Saturday, March 13, 2021

Forecasting the 2020 election: a retrospective

What I did  

One of my hobbies is forecasting US presidential elections using opinion poll data. The election is over and Joe Biden has been sworn in, so this seems like a good time to look back on what I got right and what I got wrong. 

I built a computer model that ingests state-level opinion poll data and outputs a state-level forecast of the election results. My model aggregates polling data, using the previous election results as a starting point. It's written in Python and you can get it from my GitHub page. The polling data comes from the ever-wonderful 538.
(This pole works, unlike some other polls. Image source: Wikimedia Commons, License: Creative Commons, Author: Daniel FR.)

What I got right

My final model correctly predicted the results of 49 out of 51 states (including Washington D.C.). 

What I got wrong

The two states my model got wrong were Florida and North Carolina, and these were big misses - beyond my confidence interval. The cause in both cases was polling data. In both states, the polls were consistently wrong and way overstated Biden's vote share. 

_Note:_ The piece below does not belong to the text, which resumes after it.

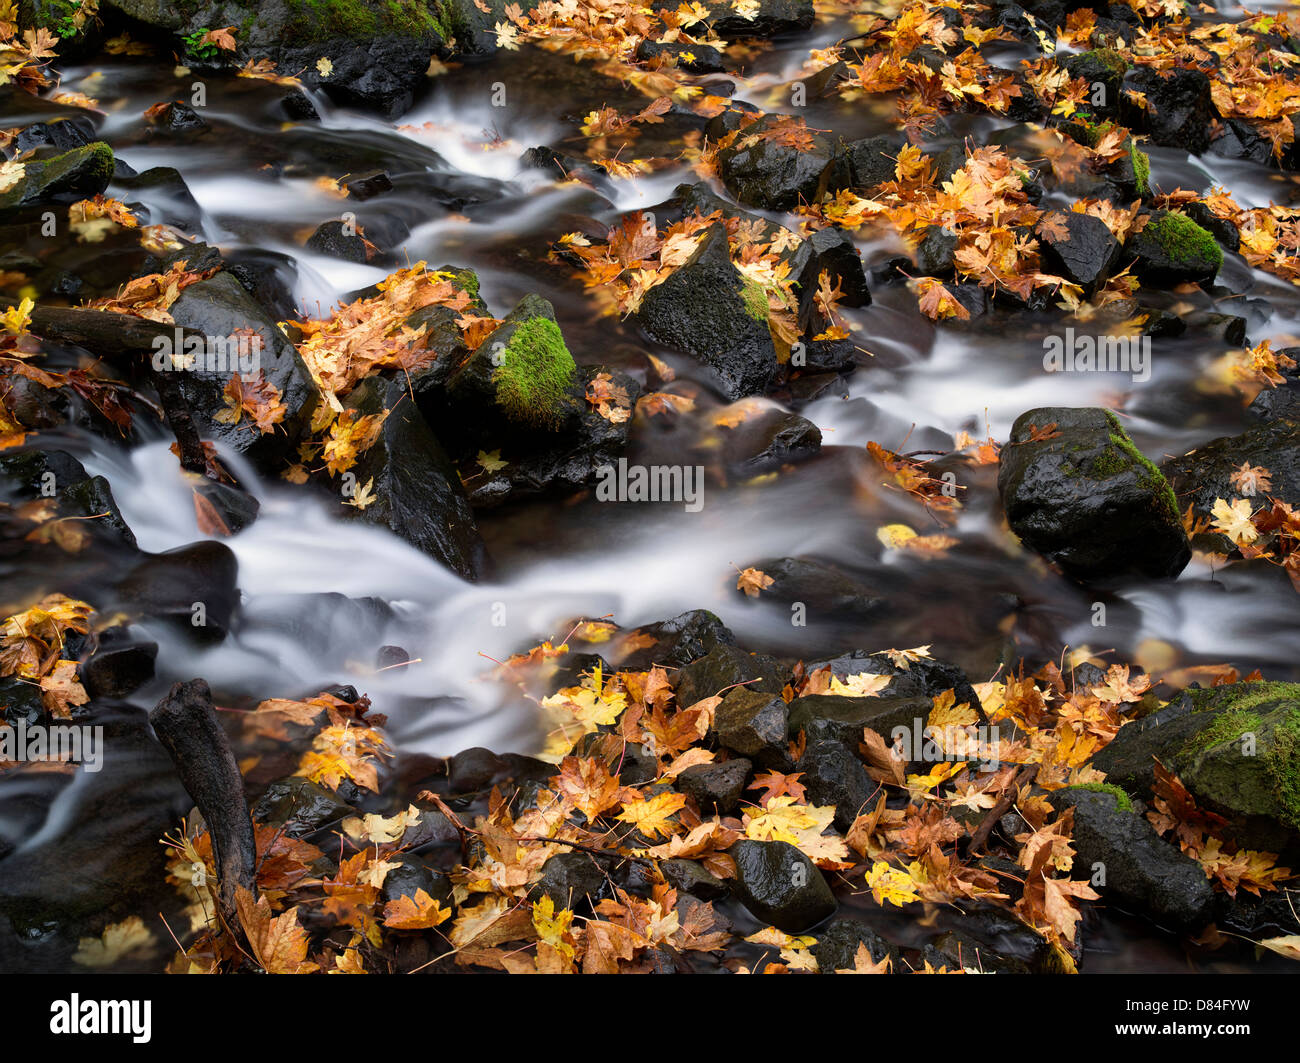 La famine Creek et à l'automne feuilles d'érable Feuilles couleur grand. Columbia River Gorge National Scenic Area, New York Banque D'Images

My model also overstated Biden's margin of victory in many of the states he won. This is hidden because my model forecast a Biden victory and Biden won, but in several cases, his margin of victory was less than my model predicted - and significantly so.

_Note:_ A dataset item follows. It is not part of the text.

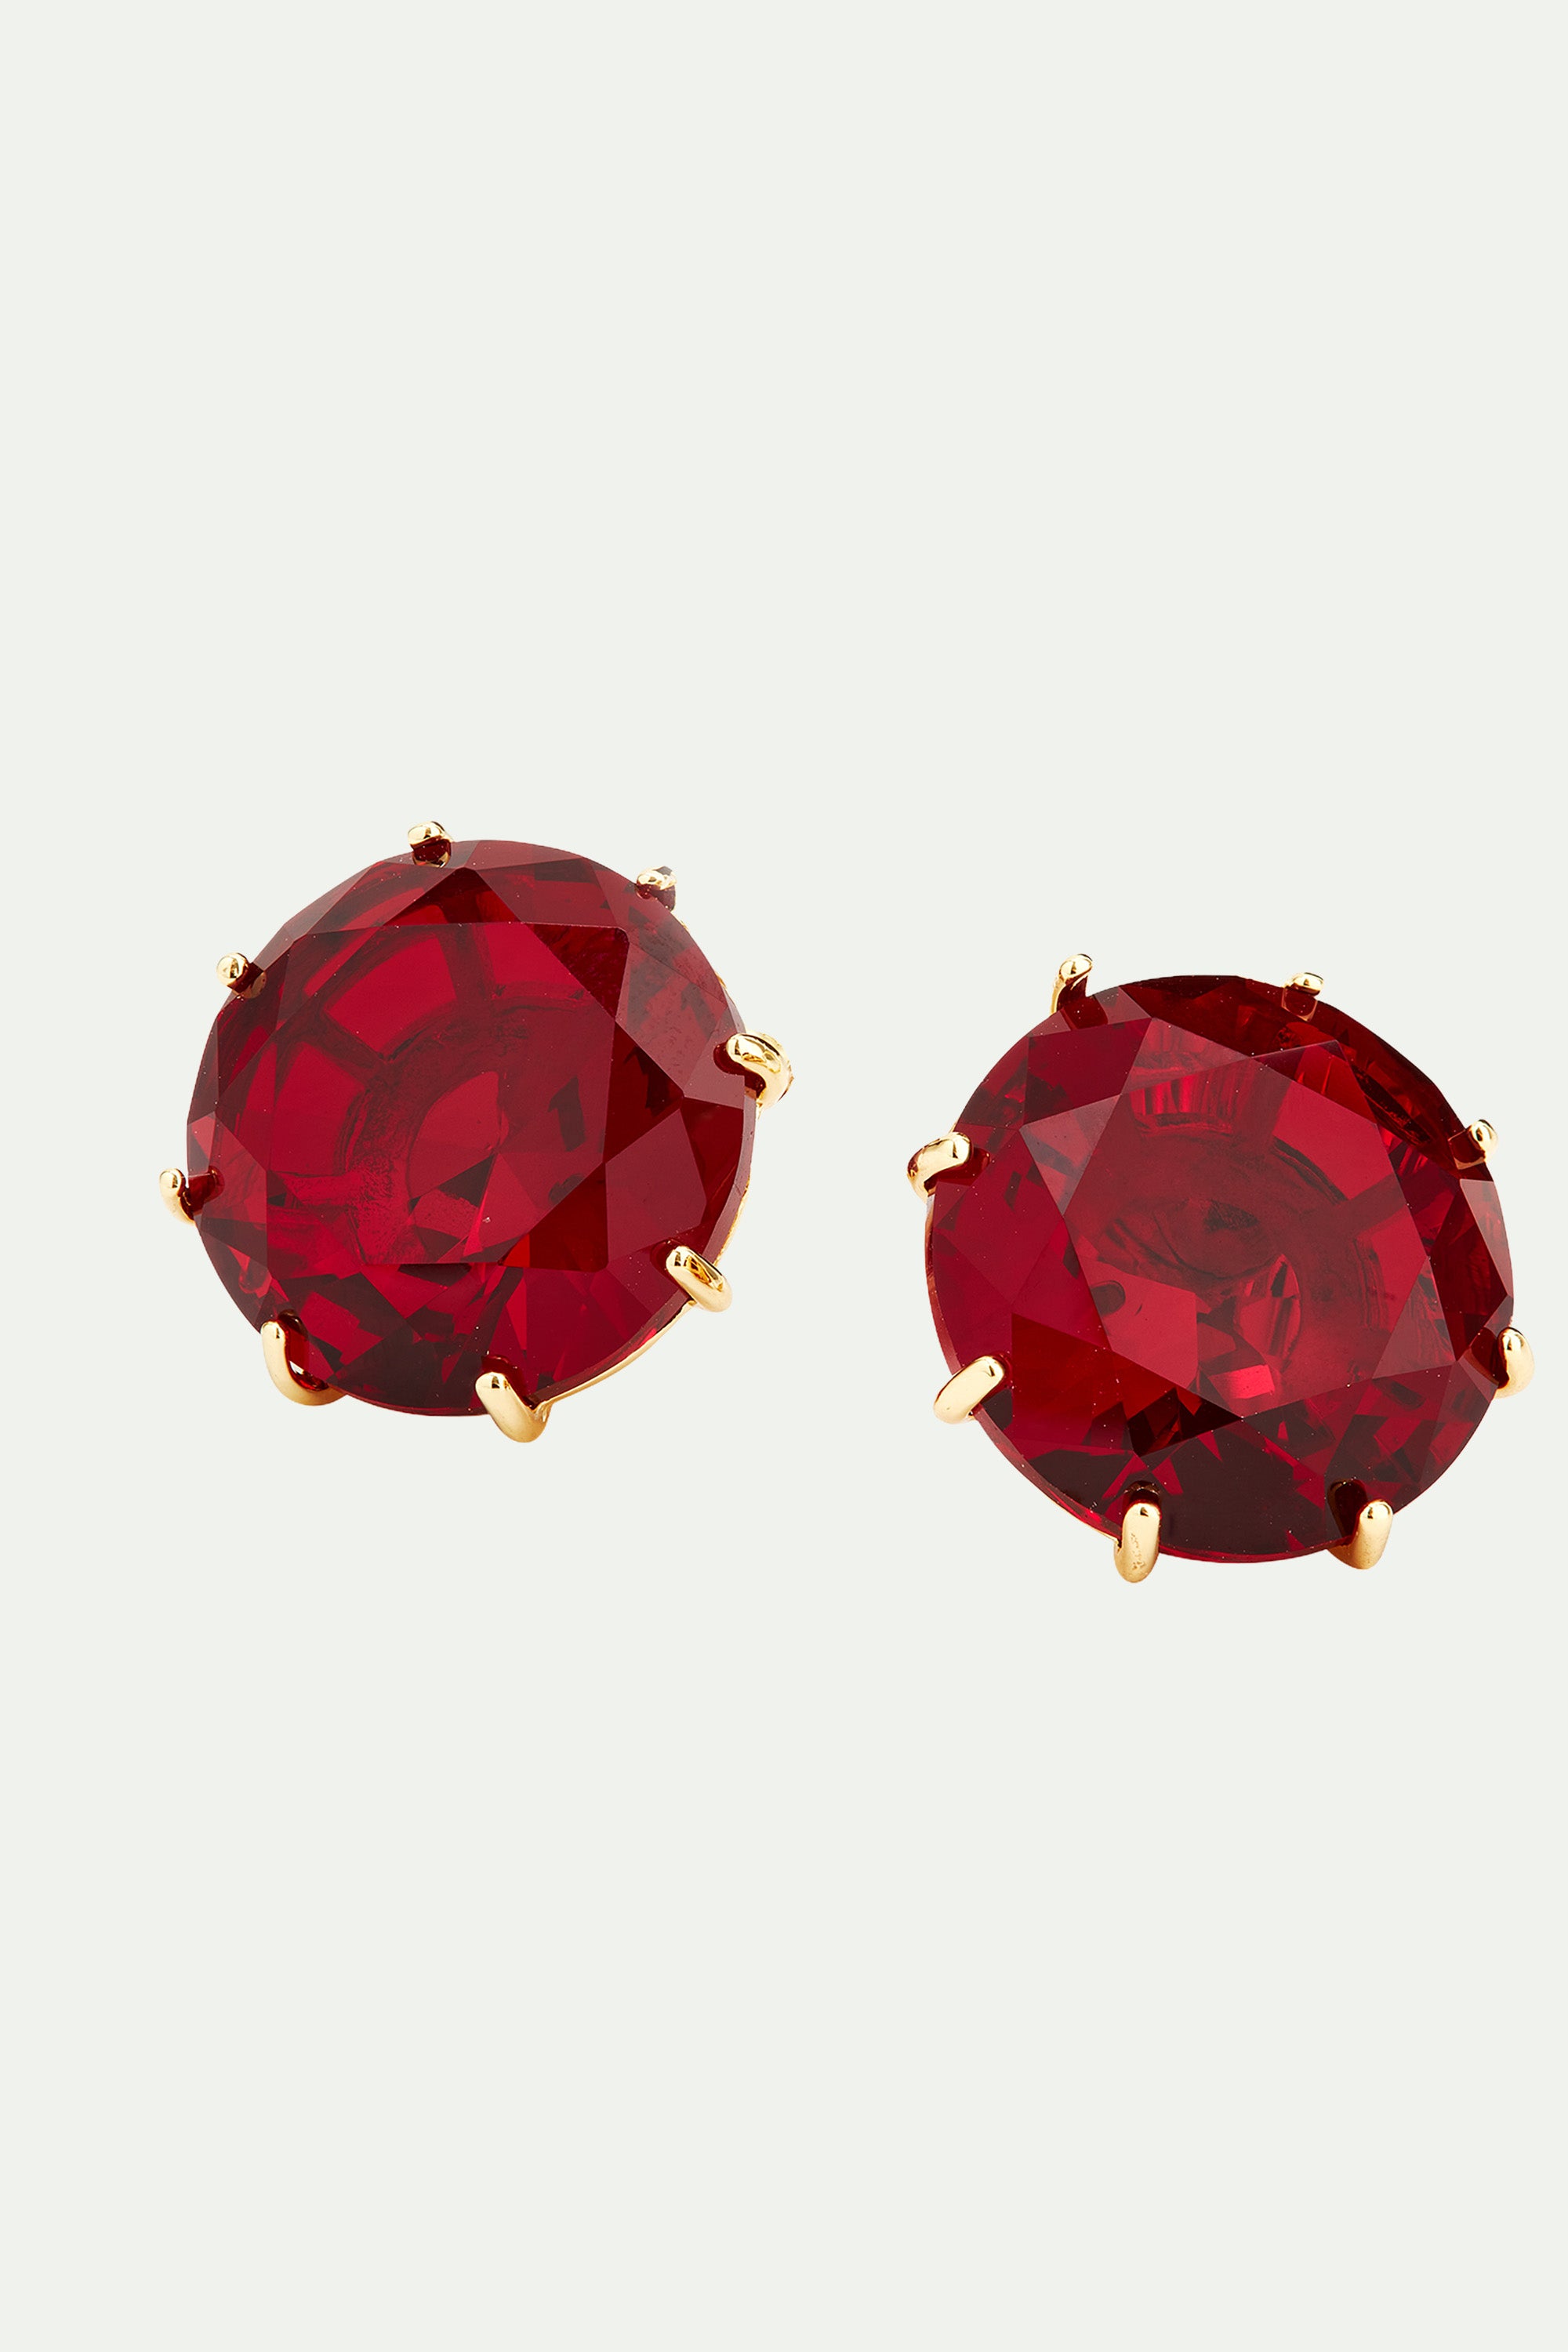 Pendientes bolitas piedra redonda La Diamantine rojo granate

The cause of the problem was opinion polls overstating Biden's vote share.

The polling industry and 2020

The polling industry as a whole overstated Biden's support by several percentage points across many states. This is disguised because they got most states directionally correct, but it's still a wide miss. 

In the aftermath of 2016, the industry did a self-examination and promised it would do better next time, but 2020 was still way off. The industry is going to do a retrospective to find out what went wrong in 2020.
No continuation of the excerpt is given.